A wheelchair user has talked about her distress at being separated from her small child and family when she was refused permission to fly by Ryanair on Monday.
Danielle McGovern (31) and her extended family were returning to Dublin following a weekend in Birmingham. Ms McGovern has an electric wheelchair with a dry-cell battery and her husband has a manual wheelchair. The couple have a two-year-old son. Having filled out in advance the necessary forms requesting mobility assistance, they checked in for their Ryanair flight. Their wheelchairs are normally not put in the hold until the last minute.

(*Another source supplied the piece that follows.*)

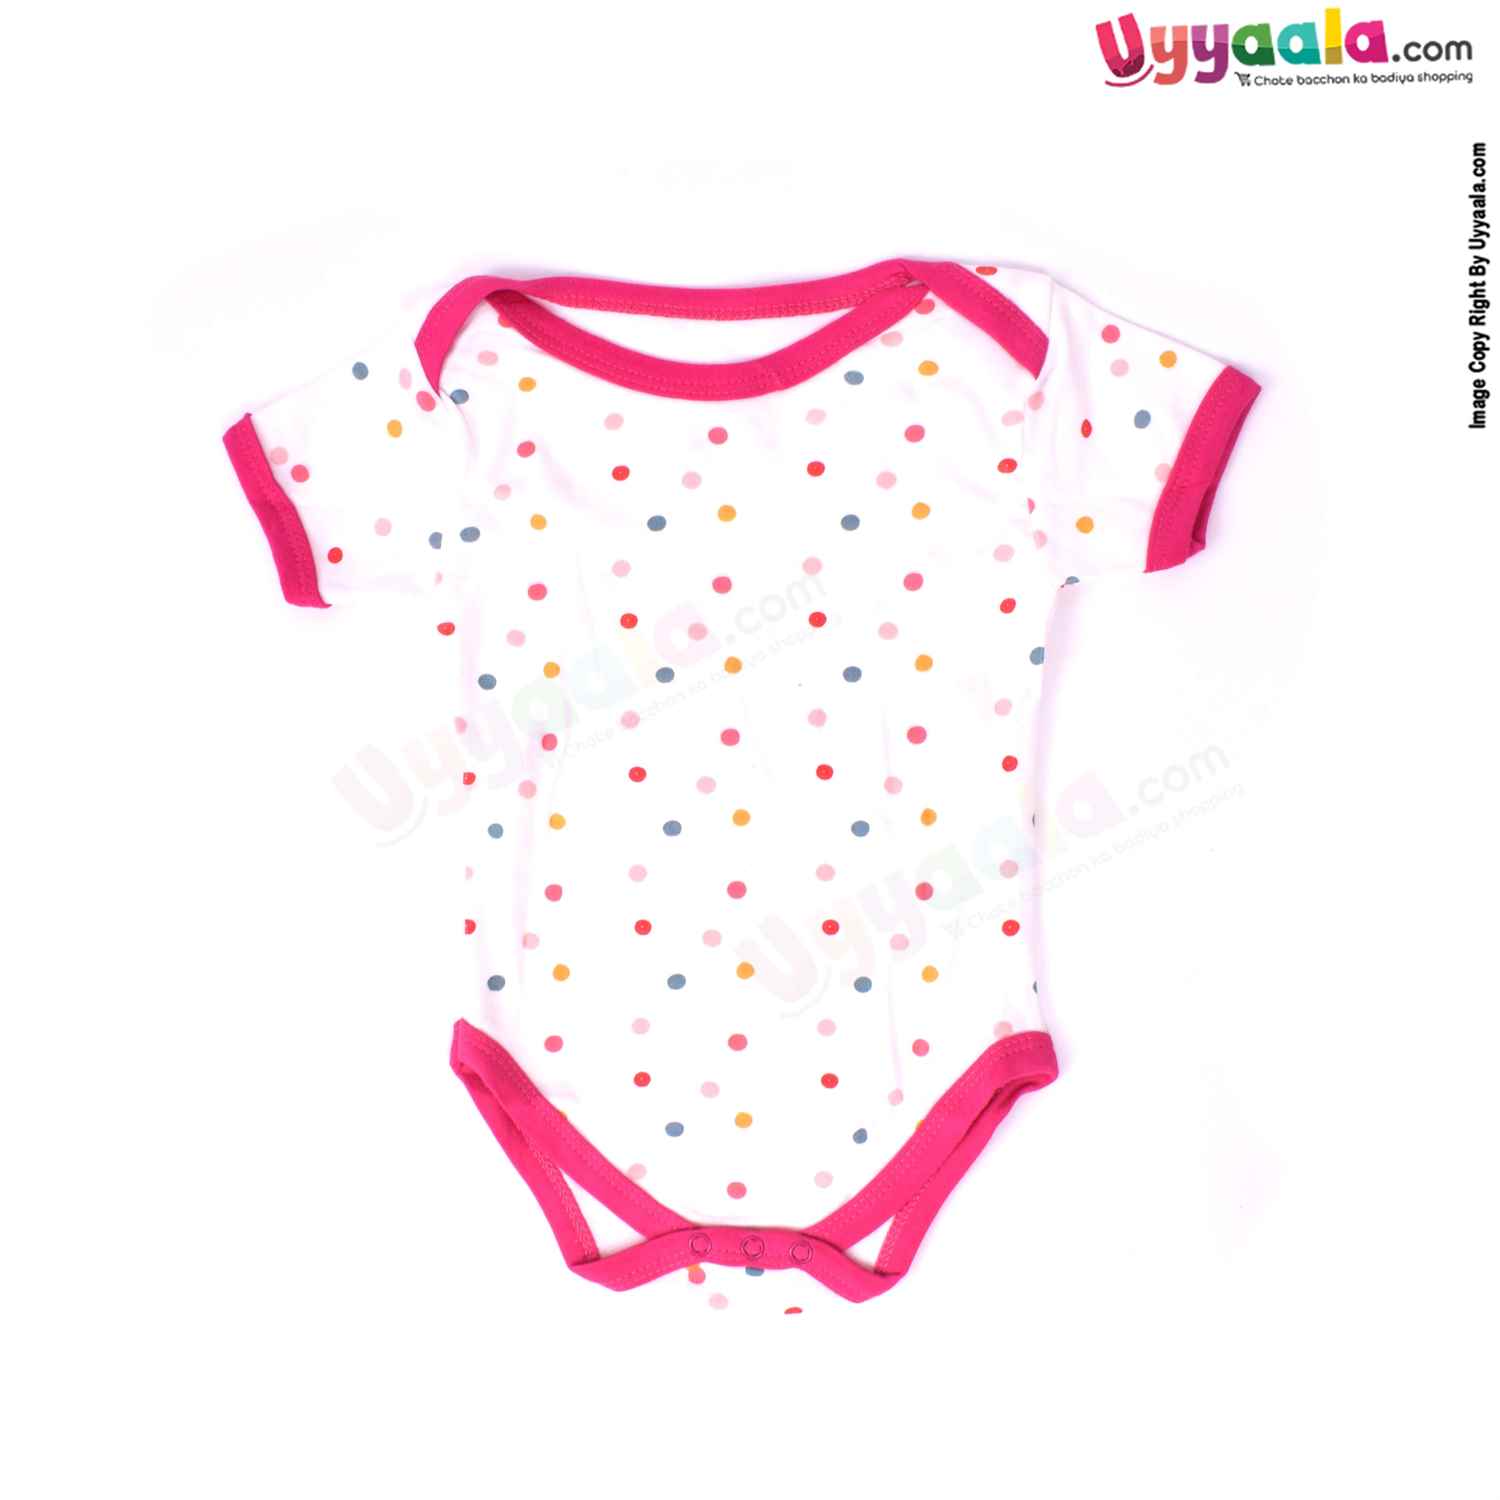 Precious One Short Sleeve Body Suit 100% Soft Hosiery Cotton - White with Dotted Print (6-9M)
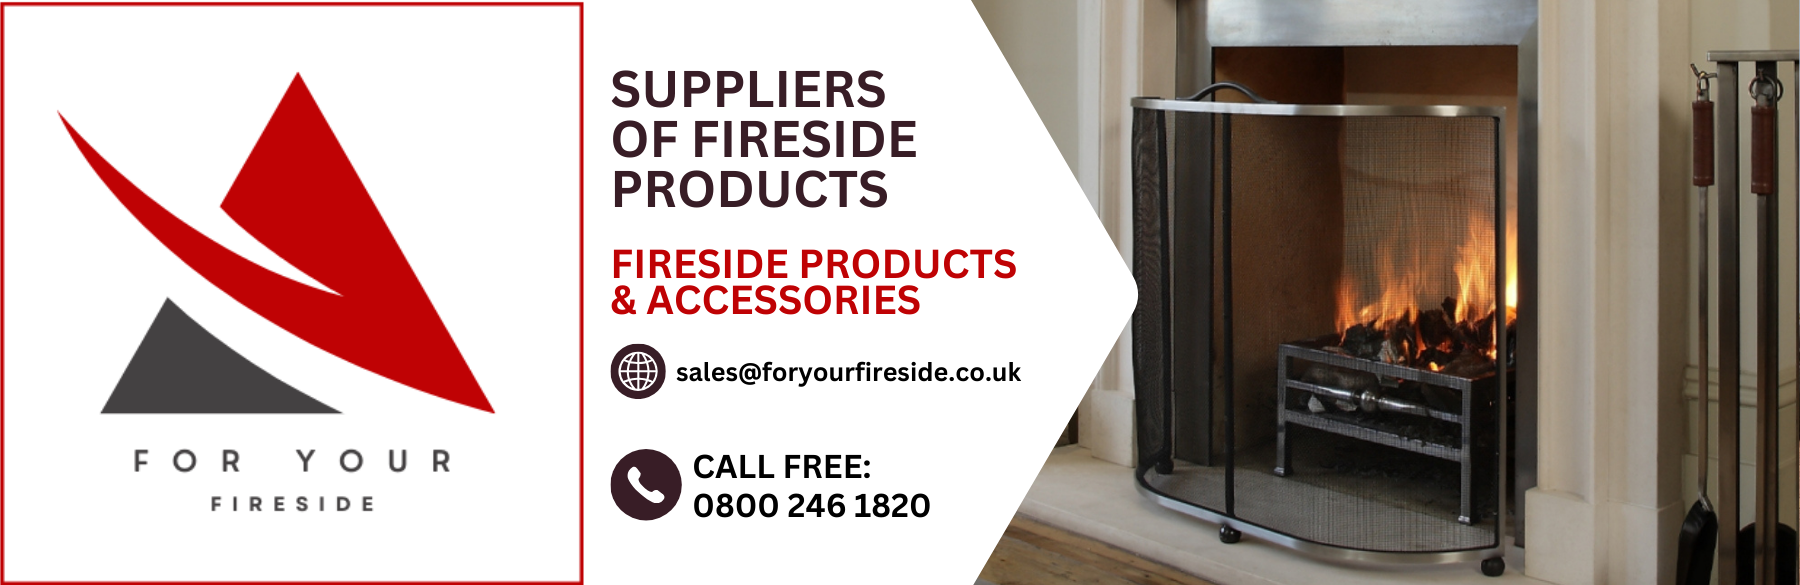 Fireside Products

Ms McGovern told the Liveline programme on RTÉ Radio 1 that she and her family had experienced no difficulties when travelling over to Birmingham with Ryanair. However, she said that, after boarding the return flight, they were approached by airport assistance staff who told them the pilot "had a problem with the wheelchair and might not allow it to fly".
The staff asked Ms McGovern whether she knew the voltage of her chair, something she says she has never been asked before. “Usually the question is if it’s a dry cell or wet cell,” she said. “You cannot travel with a wet cell battery because it’s dangerous. But a dry cell battery, once it’s switched off, is perfectly safe to travel with.”
Two options
Staff then told her the pilot would not allow the wheelchair on board. She was given two options – leave the chair behind or disembark – and felt she had no option but to get off the plane.
She was then told by ground staff that she and her wheelchair would be put on the next flight and was immediately checked in for the following flight to Dublin, also operated by Ryanair. She said she received no answer when she attempted to ask why she was permitted to travel on this flight but not the previous one.
“I was distraught, my family were distraught, the passengers on the plane were outraged,” Ms McGovern said, adding that no cabin or flight crew had approached her while she was on the first plane. “When I got back into the airport, nobody from Ryanair approached me at all to apologise or explain the situation and I haven’t heard anything from Ryanair since,” she told Liveline.
Responding to Ms McGovern’s complaint, a spokesperson for Ryanair said that “a customer on this flight from Birmingham to Dublin was asked to provide information relating to her wheelchair battery, in line with standard safety regulations, but was unable to do so in time for the flight departure. They were provided with refreshment vouchers and transferred free of charge on to the next available flight to Dublin (which departed two hours later). While we regret any inconvenience caused, the safety of our customers, people and aircraft is our number one priority.”